H2S как средство защиты (дело Кати П.)

Автор: Кузнецов Борис Аврамович

Журнал: Евразийская адвокатура @eurasian-advocacy

Рубрика: Литературная гостиная

Статья в выпуске: 3 (46), 2020 года.

Бесплатный доступ

Короткий адрес: https://sciup.org/140250395

IDR: 140250395

Текст обзорной статьи H2S как средство защиты (дело Кати П.)

В столице Колымского края, легендарном Магадане, где я отбывал добровольное «заключение» и лишь по случаю был «амнистирован» в столицу нашей Родины, городская юридическая консультация № 1 ютилась в здании областного суда.
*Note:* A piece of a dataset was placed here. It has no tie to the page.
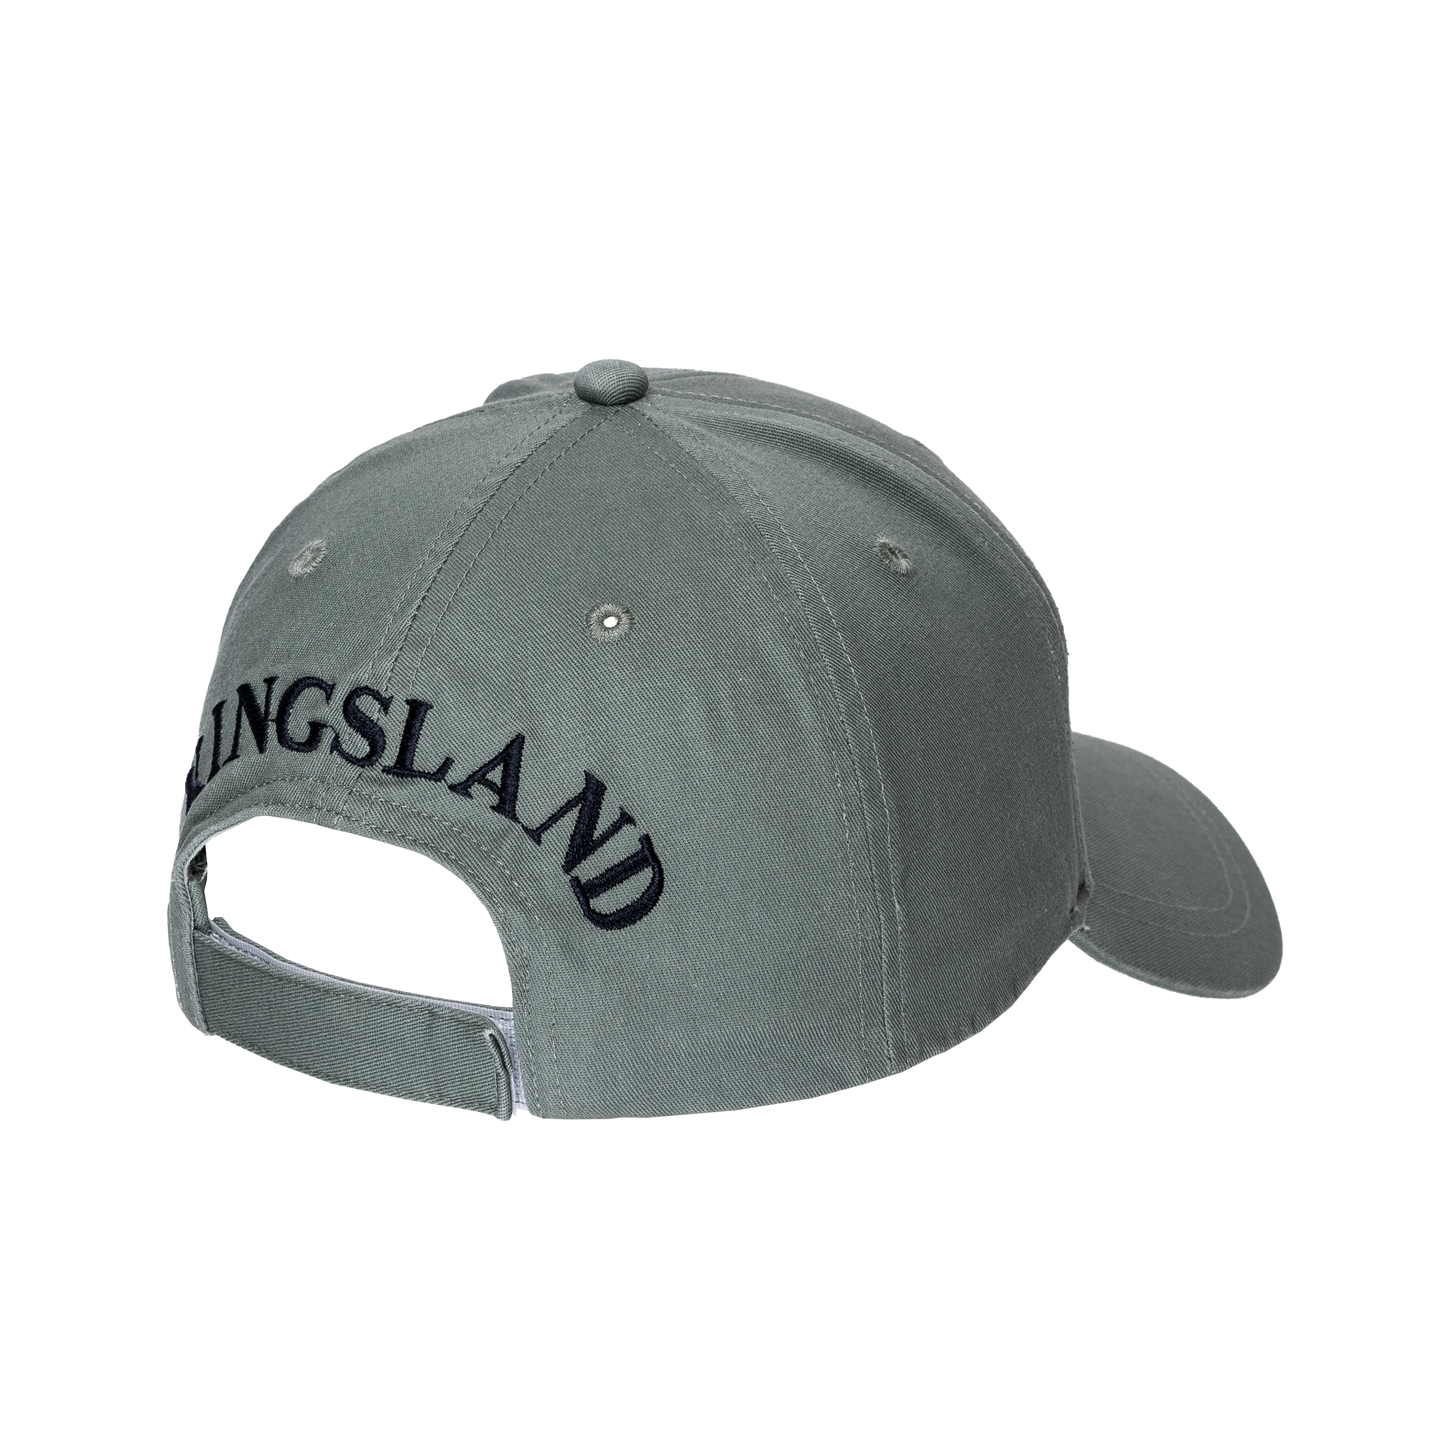 Kingsland Unisex Cap

Пять небольших кабинетов: заведующего Вовы Головченко, бухгалтера и секретаря и три кабинета для адвокатов – двое–трое на один стол. Адвокаты-надомники лишь при крайней необходимости появлялись в консультации. Это были адвокаты с большим опытом, которые вели сложные хозяйственные, как тогда говорили, обэхээсэсные дела: Артур Вильков, Яша Любецкий, Толя Неспай. Остальные адвокаты с утра до вечера толклись в консультации, пили бесконечные чаи. Над всеми восседала Мария Израилевна Верная, которая была закреплена за мной в качестве наставника. Ей уже тогда было к 70 годам, она считалась матриархом магаданской адвокатуры. По службе в уголовном розыске я знал ее сыновей – старшего Володю и младшего Сашку; оба врачи-психиатры, оба работали в областной психиатрической больнице, расположенной в живописном уголке «Снежная долина» в 23 километрах от Магадана. В обед все адвокаты собирались вокруг Марии Израилевны, из дома тащили выпечку, салаты, и обед превращался в ритуал, где адвокатские истории и байки были не только занимательны, но и полезны.
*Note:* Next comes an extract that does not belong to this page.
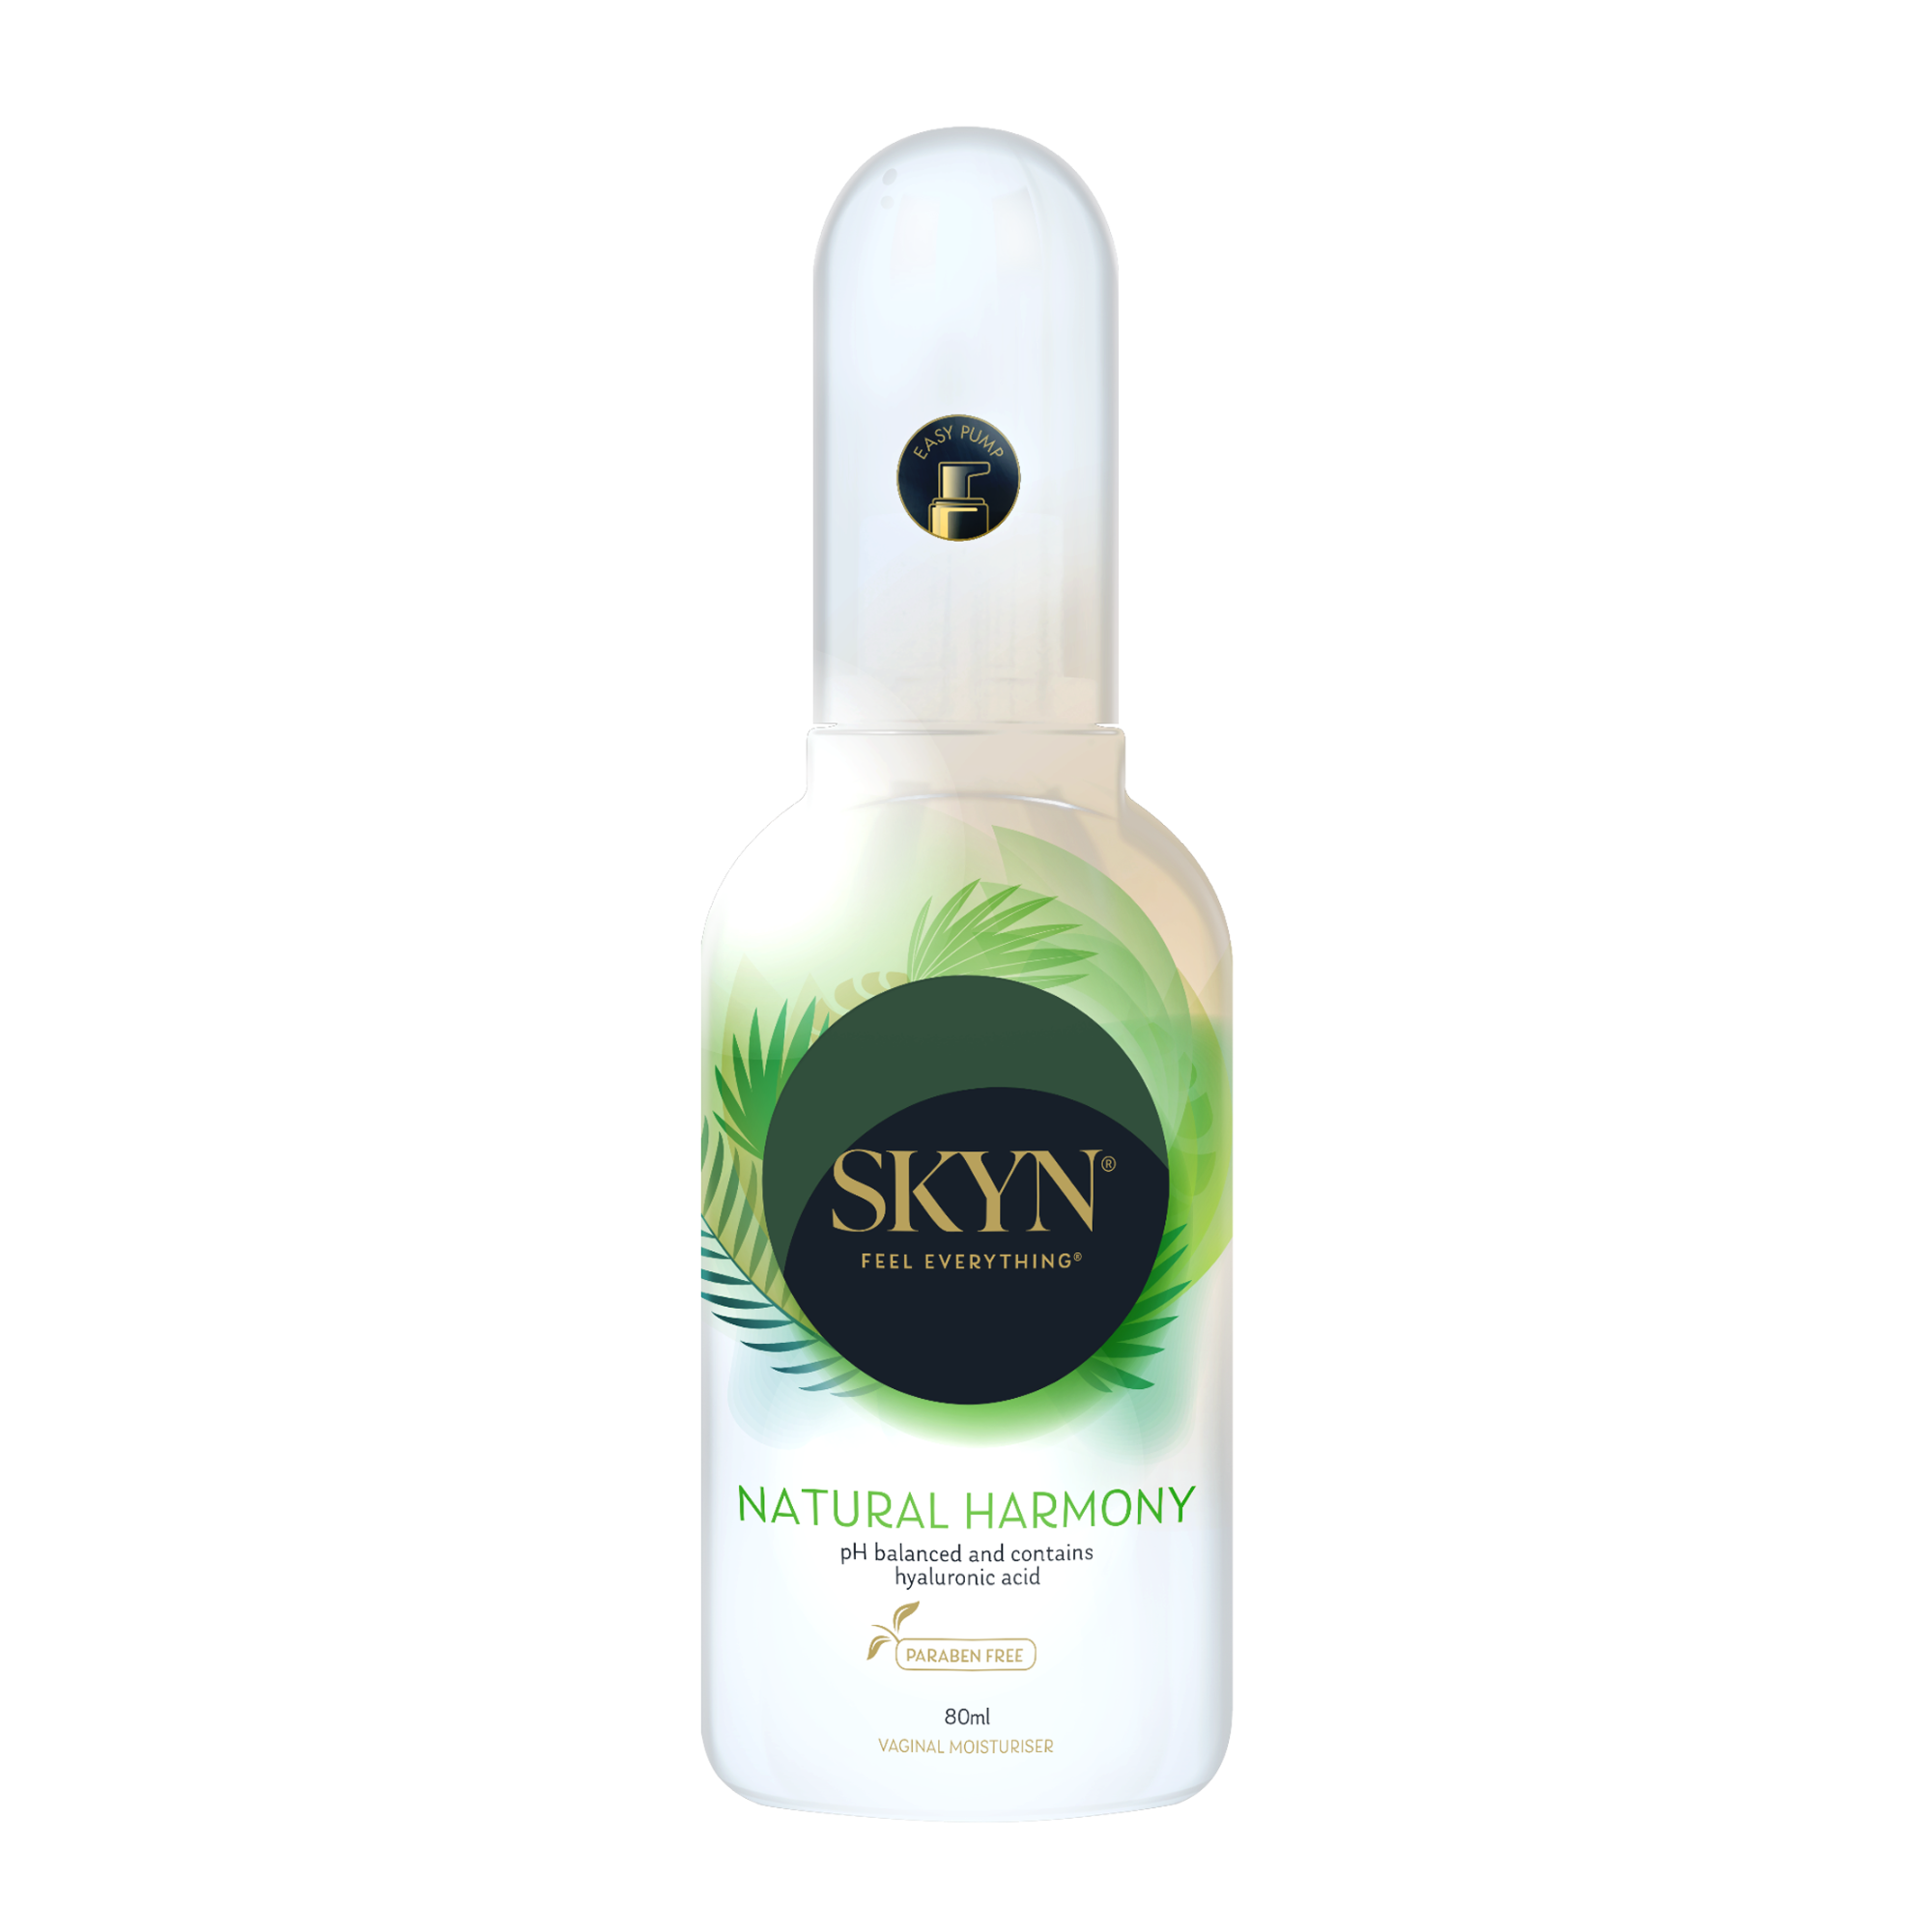 SKYN® Caress Clitoris Stimulator + Natural Harmony Gel 80ml

1982 год. Мне 38 лет, я начинающий адвокат.

С первых дней я понял, что нескольких статей уголовного и уголовно-процессуального кодекса, которые я знал наизусть и которые требовались для опера сыска, абсолютно недостаточно для адвоката, и мне придется начинать с начала.

Предшествующие два десятка лет работы в уголовном розыске мало чем могли облегчить повседневную работу адвоката, столкнувшегося с огромным кругом юридических вопросов. Люди шли в адвокатуру с проблемами начисления пенсий, получения и раздела жилья, с трудовыми спорами. По совету Верной я сел на прием граждан. Адвокаты прием граждан не любили, а мэтры просто игнорировали. Денег эта работа не приносила – консультация стоила всего три рубля, а времени отбирала немало. Каждый вопрос гражданина заносился в специальный журнал. Туда же записывался ответ, причем он должен был содержать ссылки на соответствующие статьи кодексов и на судебную практику. Одновременно я стал приводить в порядок картотеку по судебной практике, наличие которой было обязательно, но картотека оказалась фактически заброшена, и адвокаты ей не пользовались. Из журналов «Социалистическая законность» и «Вестник Верховного Суда РСФСР» я вырезал карточки и систематизировал их, вставляя в соответствующие отрасли и разделы права, удаляя старые карточки. Работа была нудной, требовала много времени, но для меня оказалась чрезвычайно полезной.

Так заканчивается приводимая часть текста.